# programmname



## Pherseus (23. April 2007)

Kann ich den Programmnamen, mit dem ein Java-Programm in der Konsole aufgerufen wurde auslesen?


----------



## d-n-r (24. April 2007)

Hi,

ich frage mich an welcher Stelle du sowas brauchst.

Wenn du eine main-Methode hast, weißt du ja, wie die Klasse heißt, in der die sich befindet und damit wurde das Programm auch per Kommandozeile aufgerufen.

Dass du den Programmnamen nicht über die main-Methoden-Parameter bekommst, wie es bei C der Fall ist, weißt Du ja bestimmt. Das oben genannte ist der Grund dafür, warum der Programmname bei Java nicht übergeben wird.

Dominik


----------



## jeipack (24. April 2007)

Hi
Ich denke eher du meinst java.exe oder sowas, welches deine jar Datei aufgerufen hat?
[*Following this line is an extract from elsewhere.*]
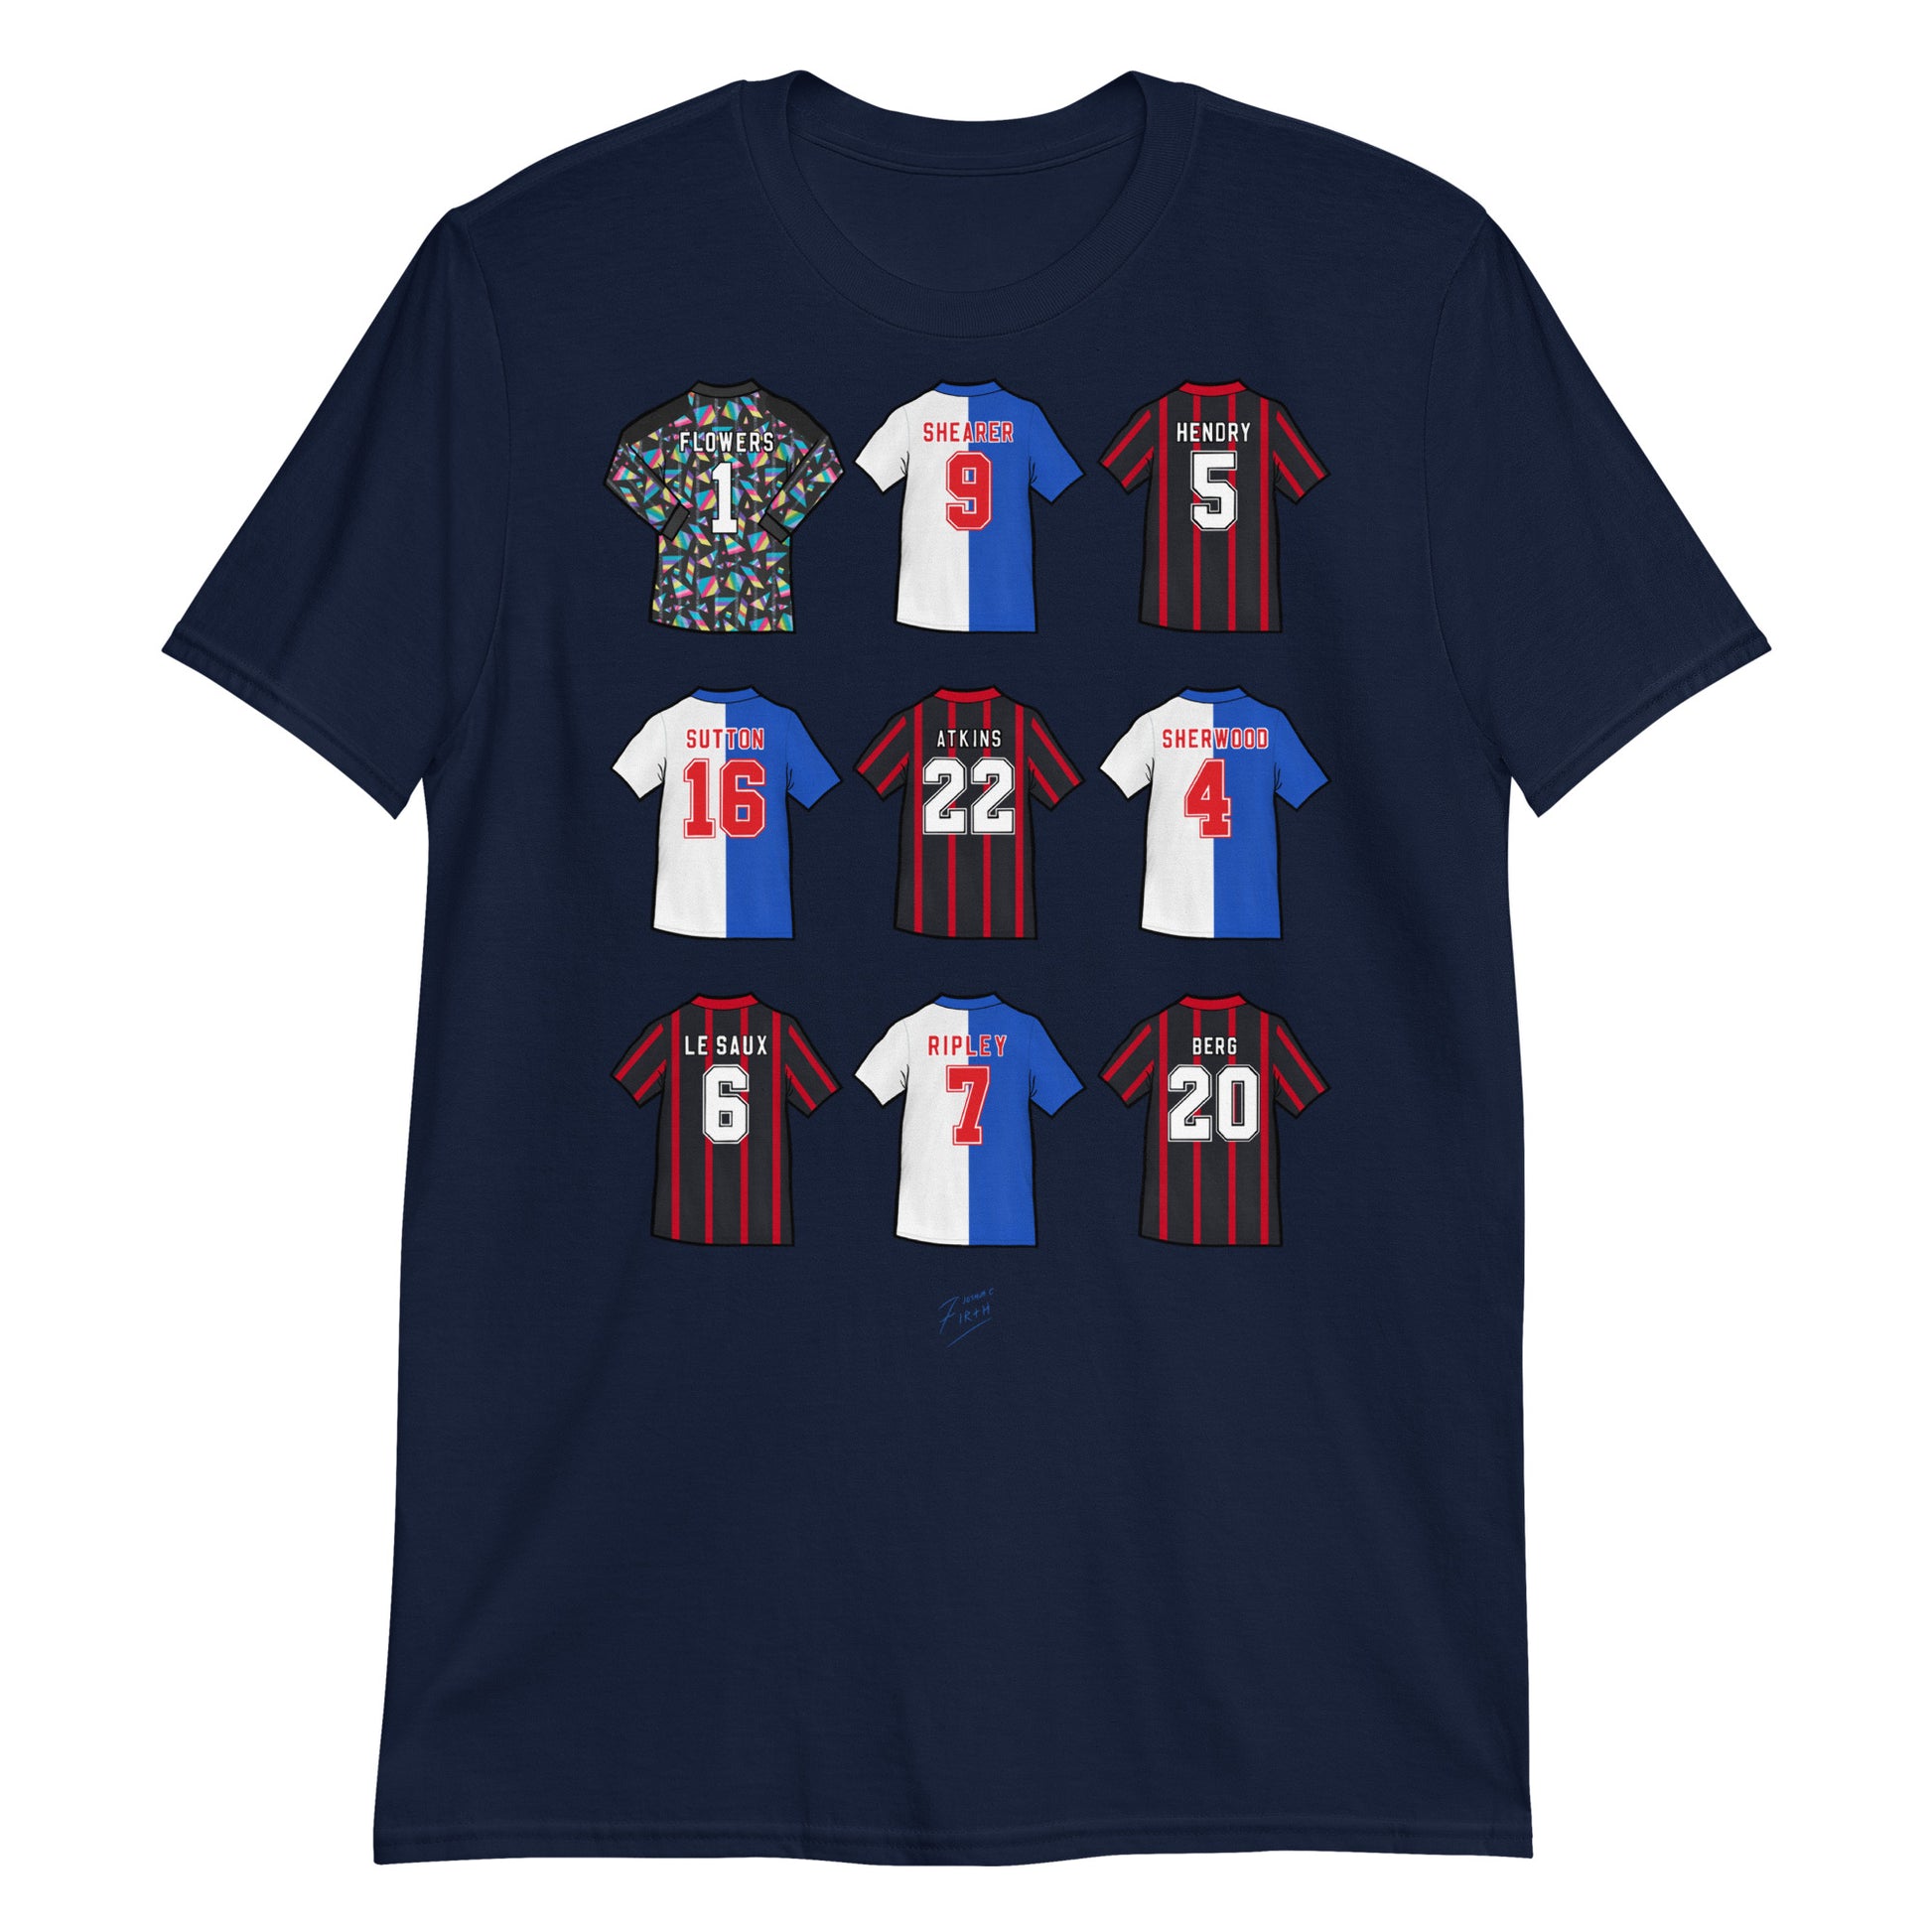 Blue T-shirt inspired by the legendary Blackburn Rovers players of the past! A great tribute to that team of 1994/95
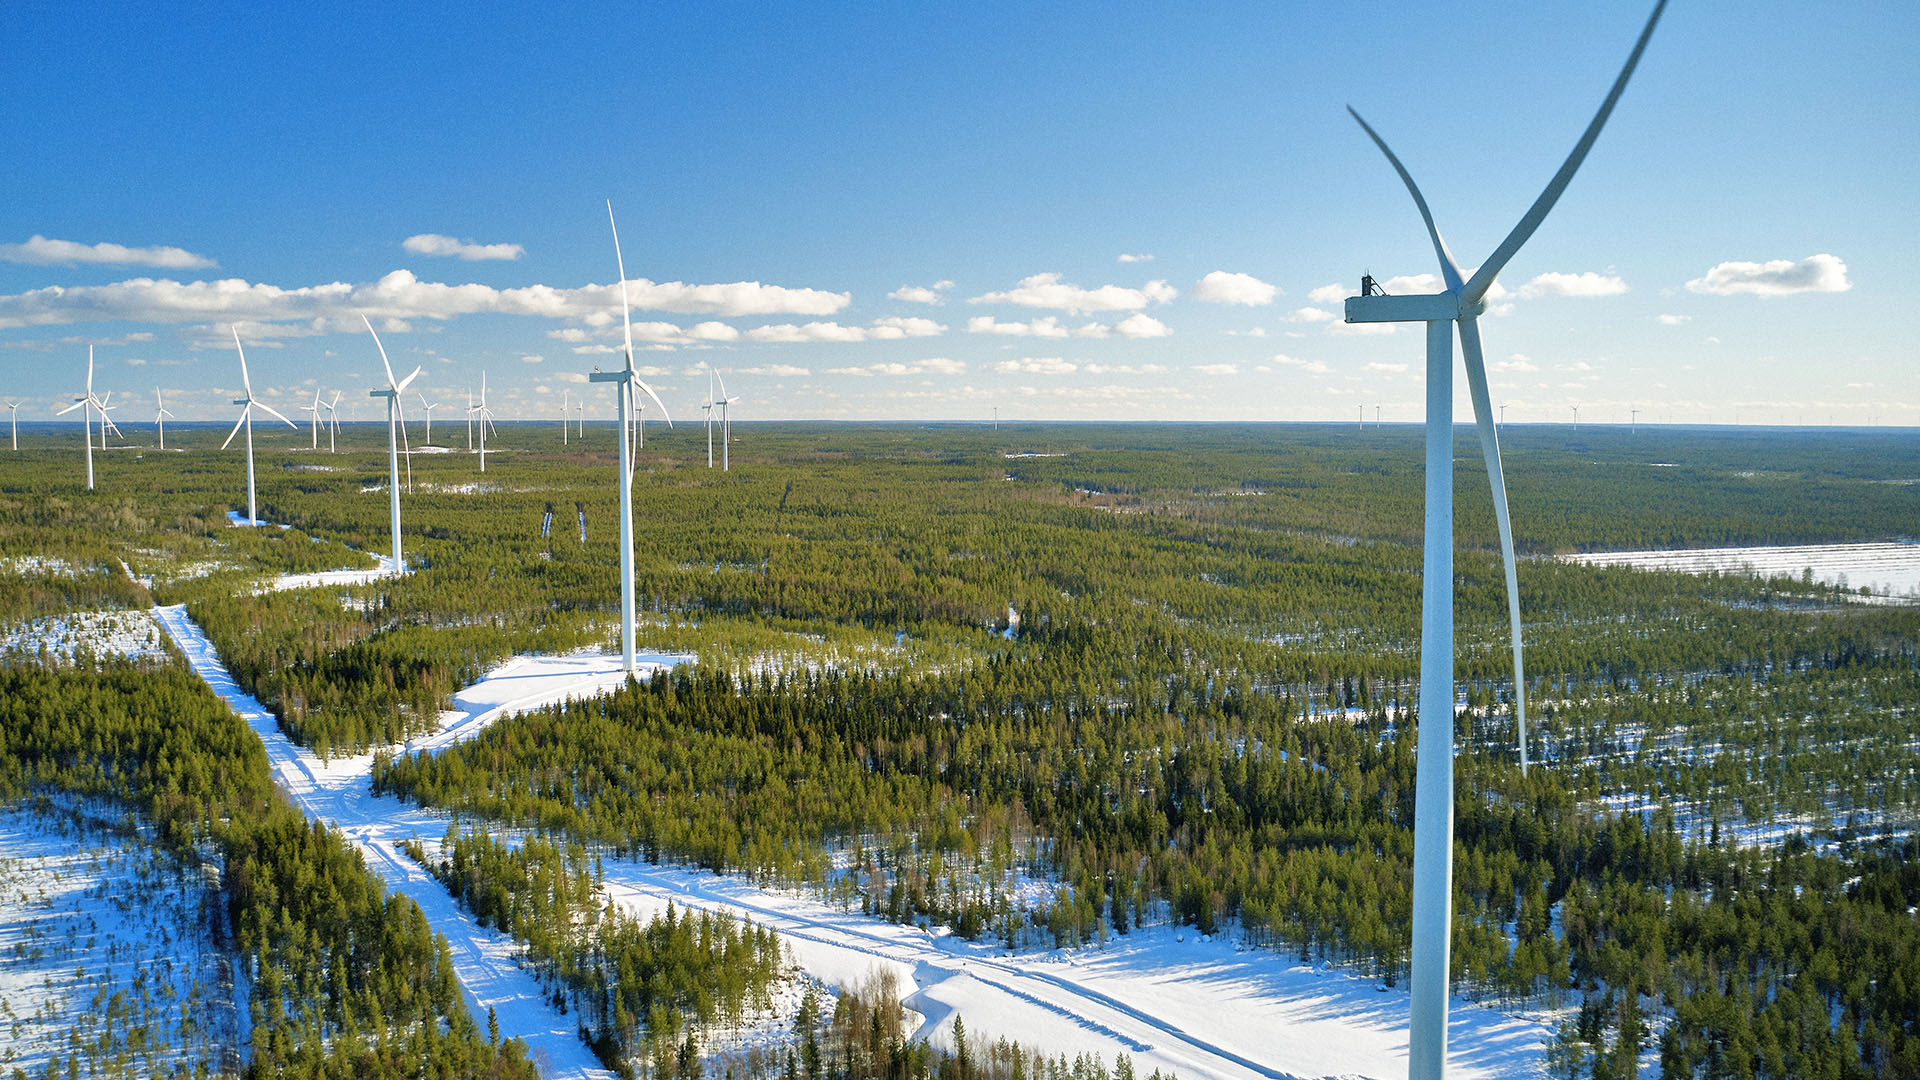 Securing a Greener Grid: Philips, HEINEKEN, Nobian and Signify power European operations with clean electricity thanks to new wind energy initiative

Da kann ich dir leider nicht helfen, aber wenn es dir um das Standardprogramm geht, welches jar Dateien aufruft hilft dir das hier weiter:
http://www.tutorials.de/forum/java/268836-standardprogramm-fuer-dateitypen-pdf.html


----------



## zeja (25. April 2007)

Wenn du JDK 6 benutzt dann schau mal in der Klasse RuntimeMXBean, vielleicht findest du da was.


----------